**Exercise prompt:** Leaving the pictures aside, repeat every line below exactly.

**Dataset section:**
* * *
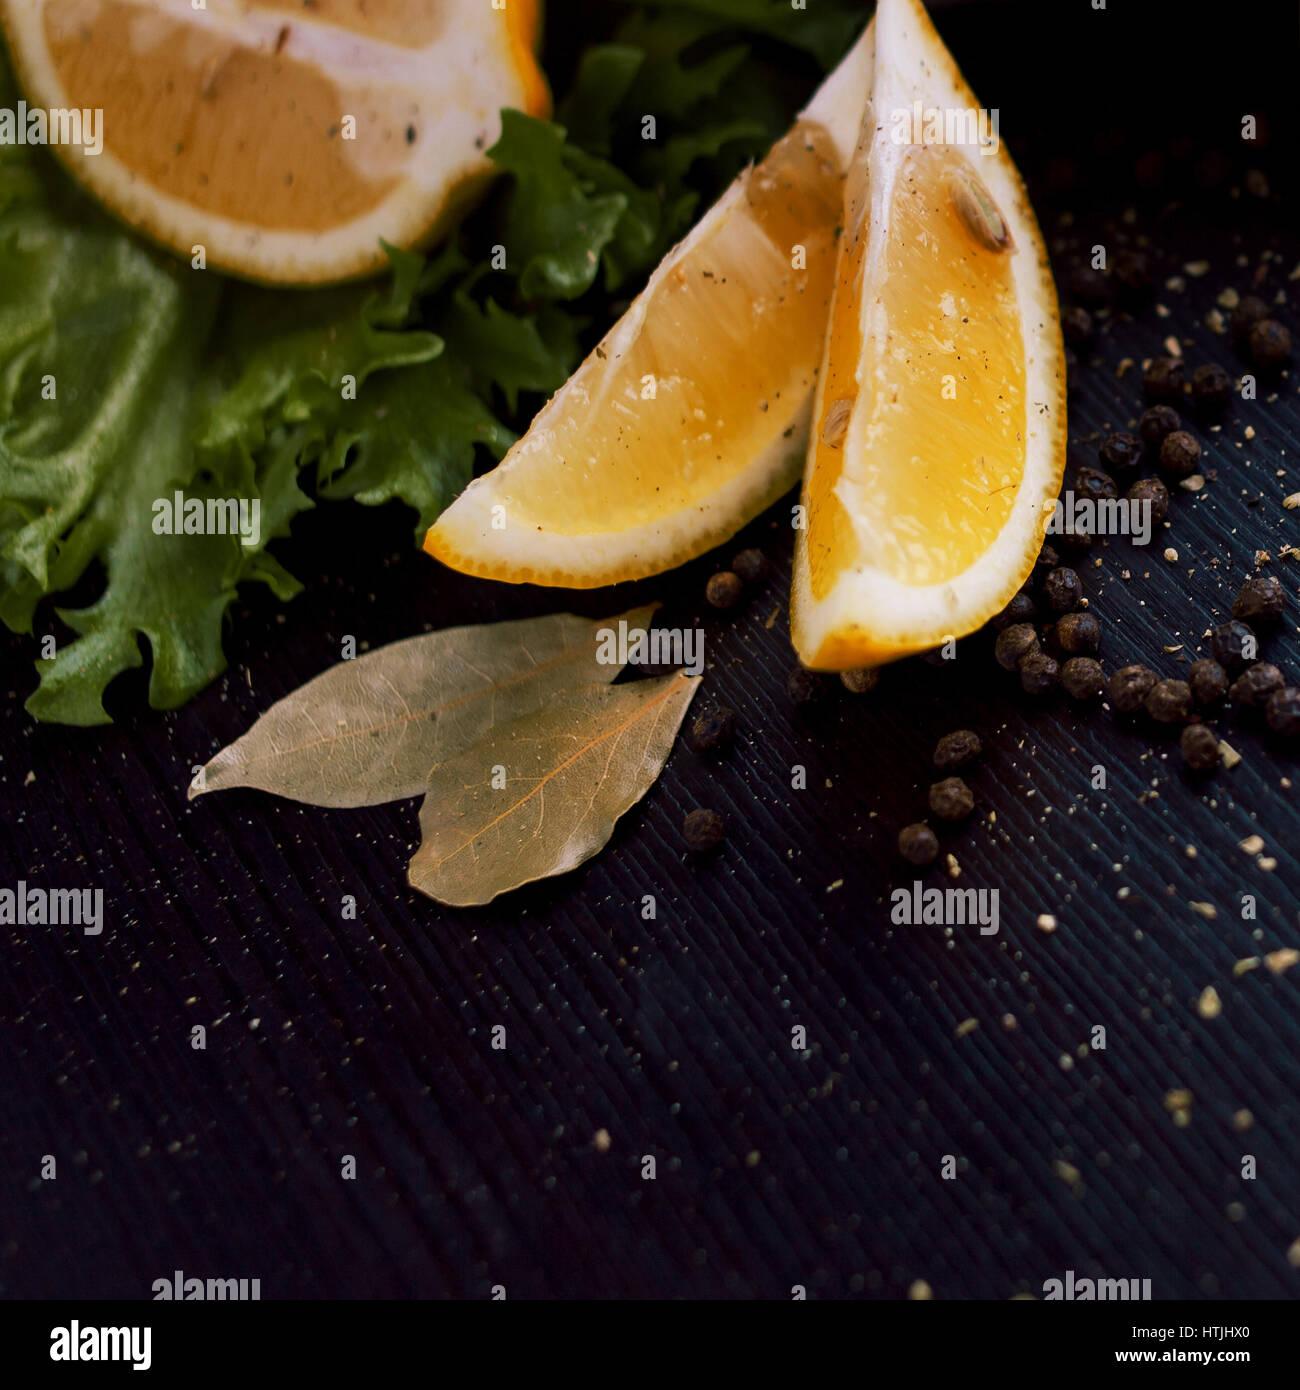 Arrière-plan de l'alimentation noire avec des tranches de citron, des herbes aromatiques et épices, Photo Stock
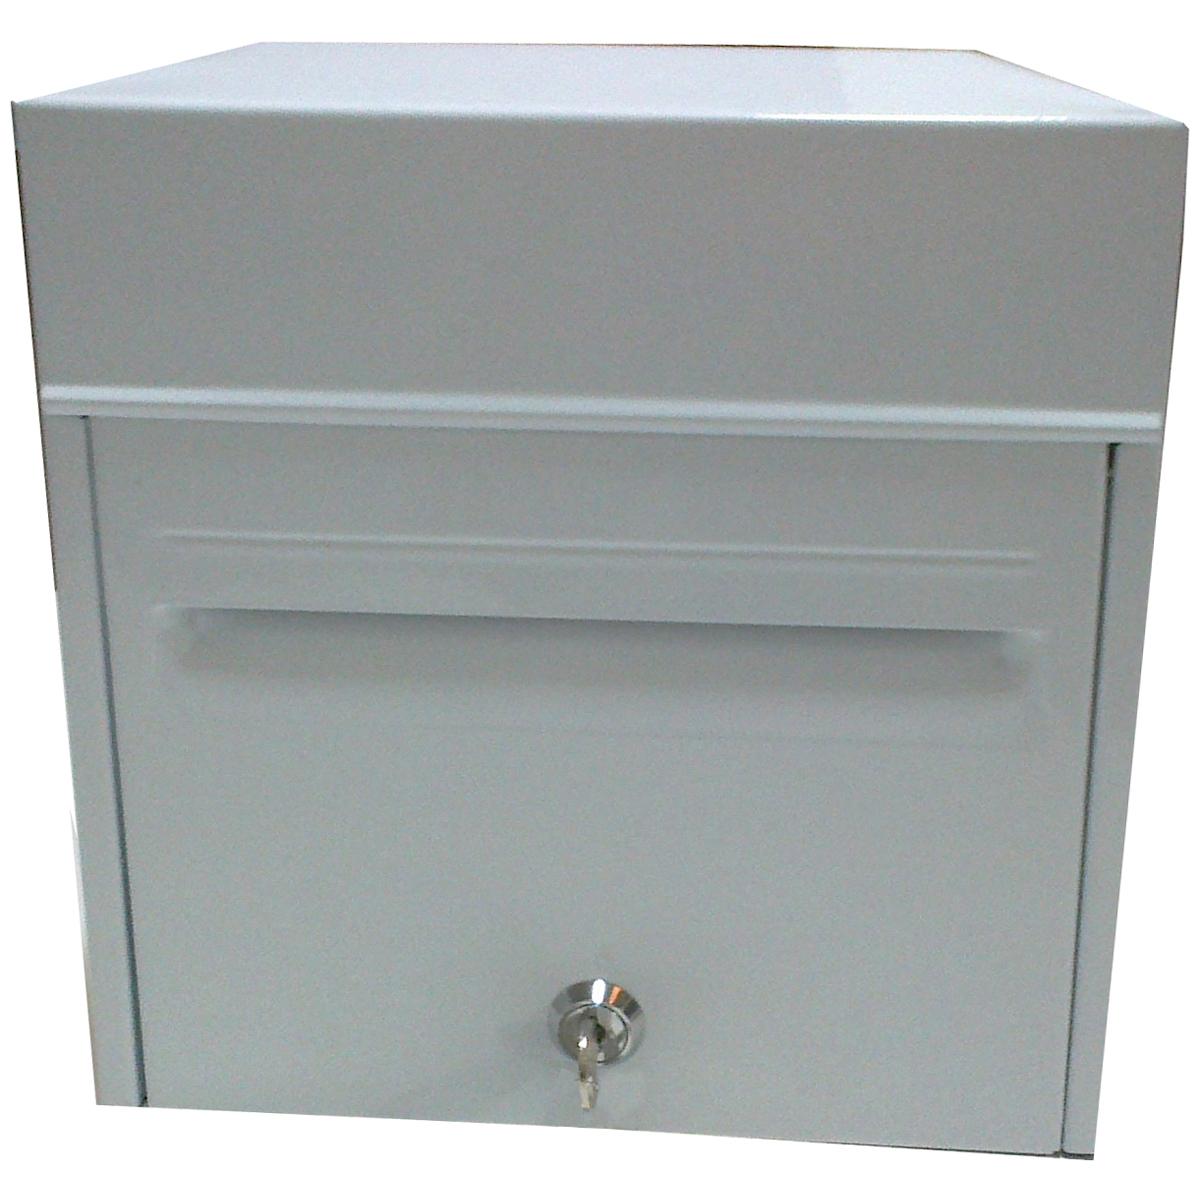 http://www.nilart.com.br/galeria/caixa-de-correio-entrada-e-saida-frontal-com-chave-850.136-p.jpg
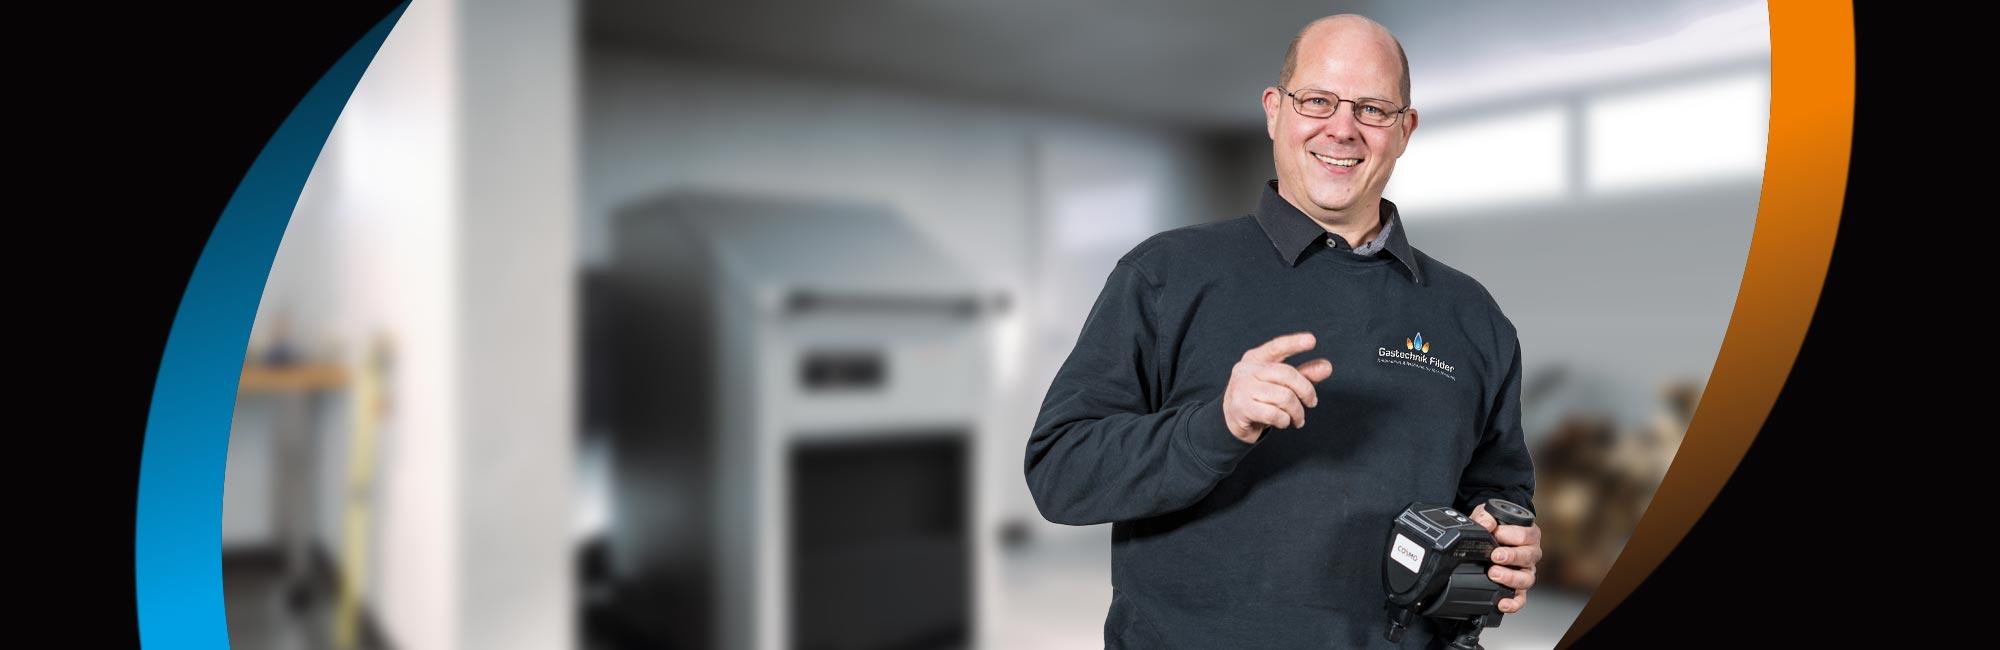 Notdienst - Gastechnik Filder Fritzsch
* * *
**Reply:**
 Arrière-plan de l'alimentation noire avec des tranches de citron, des herbes aromatiques et épices, Photo Stock
 http://www.nilart.com.br/galeria/caixa-de-correio-entrada-e-saida-frontal-com-chave-850.136-p.jpg
 Notdienst - Gastechnik Filder Fritzsch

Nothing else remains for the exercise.